I like how this contest shows that anyone can ask questions that previously only Google, Microsoft (Bing) and a handful of 2nd tier search engines could ask. Now if we can just get a simple query language for it all. I could then pump in $100 in quarters, ask my question, and wait a couple hours. Isn't this what the information ask was supposed to get us?

Linking Entities to Wikipedia is awesome. I love the idea of Online Sentiment Towards Congressional Bills but it's too bad they didn't show their results.
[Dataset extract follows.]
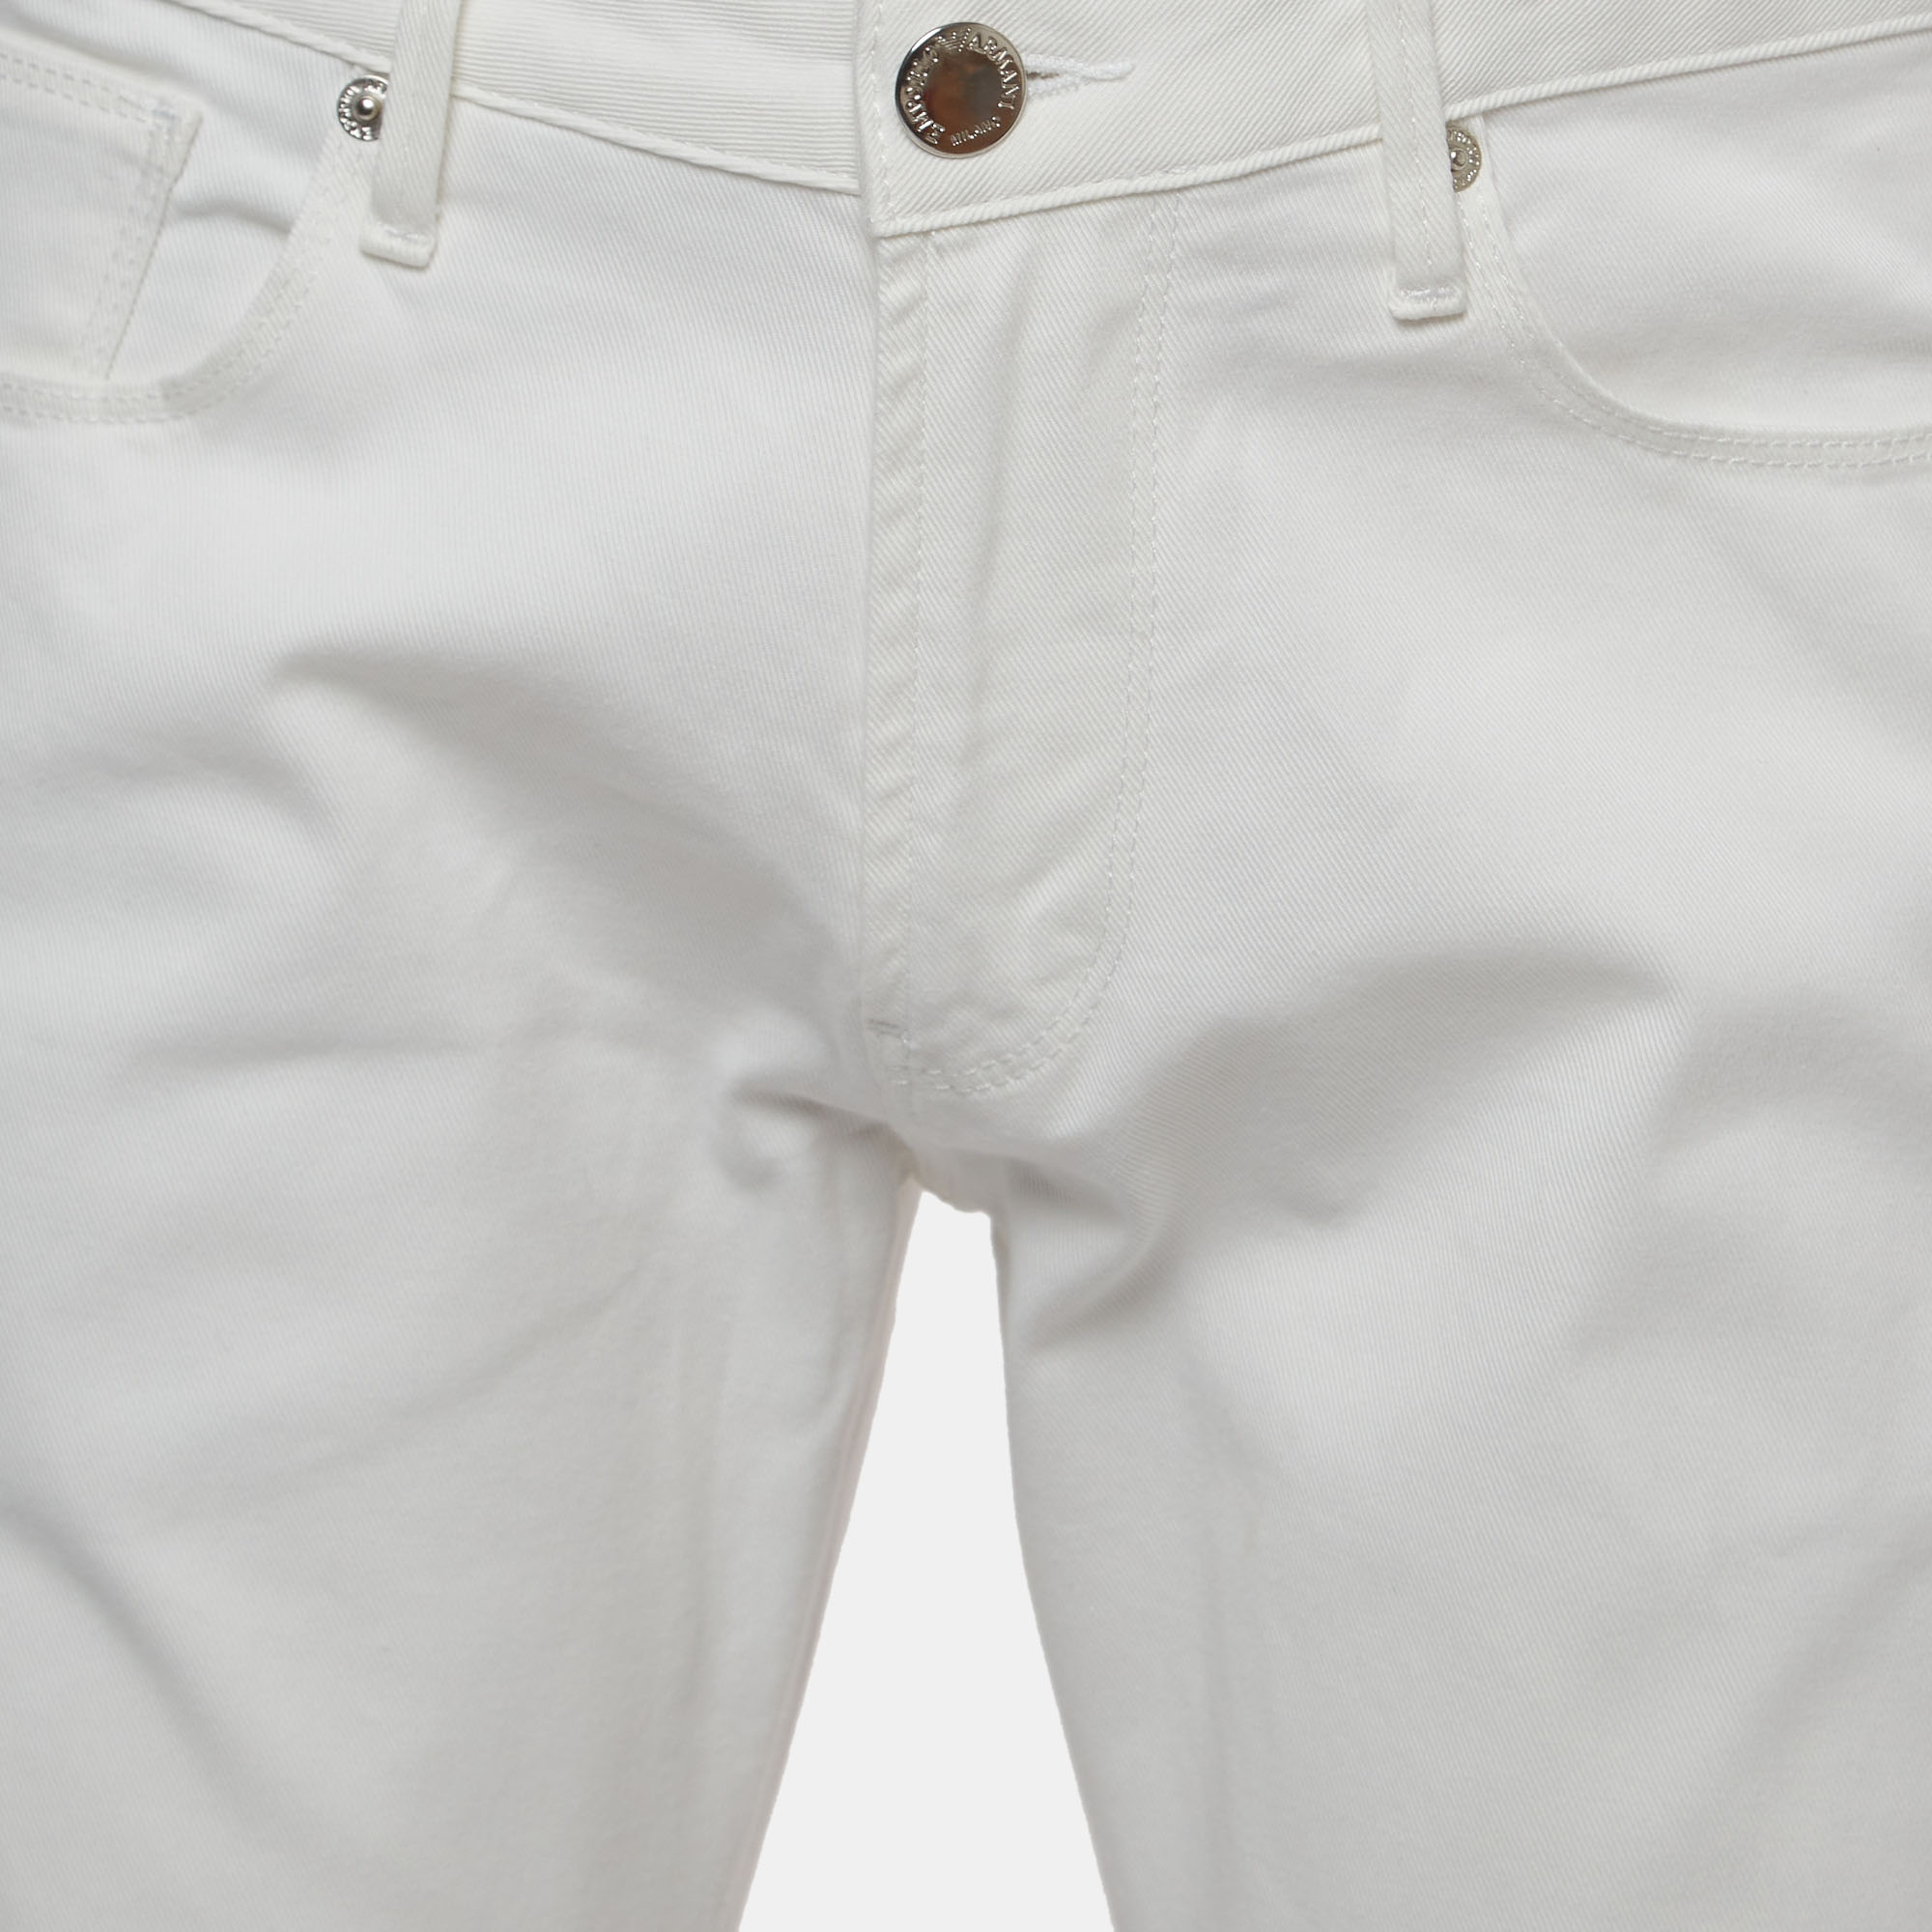 Emporio Armani White Denim Slim Fit Jeans L/Waist 34.5

Don't worry, we're working on it - we should have our results up by this weekend. We're planning on doing something like http://www.albertwavering.com/projects/commoncrawl/bill.html to show our results, but I would love to hear suggestions.

Oh cool. How many bills are you going to show? Will there be histograms or some kind of visualization or just the lists?

We are looking at about 50 bills this time around. We really wanted to do a histogram, but we didn't have time to solve the problem of distinguishing between when things are crawled and when things are published.

So cool you are putting together a presentation of results!!

Glad you like my linking entities to wikipedia entry. Still need some extra work to make a complete/ready-to-use corpus out of the 5 billion webpages

The YC crowd needs to pay attention to this. There will be a new wave of startups based on the common crawl as it develops.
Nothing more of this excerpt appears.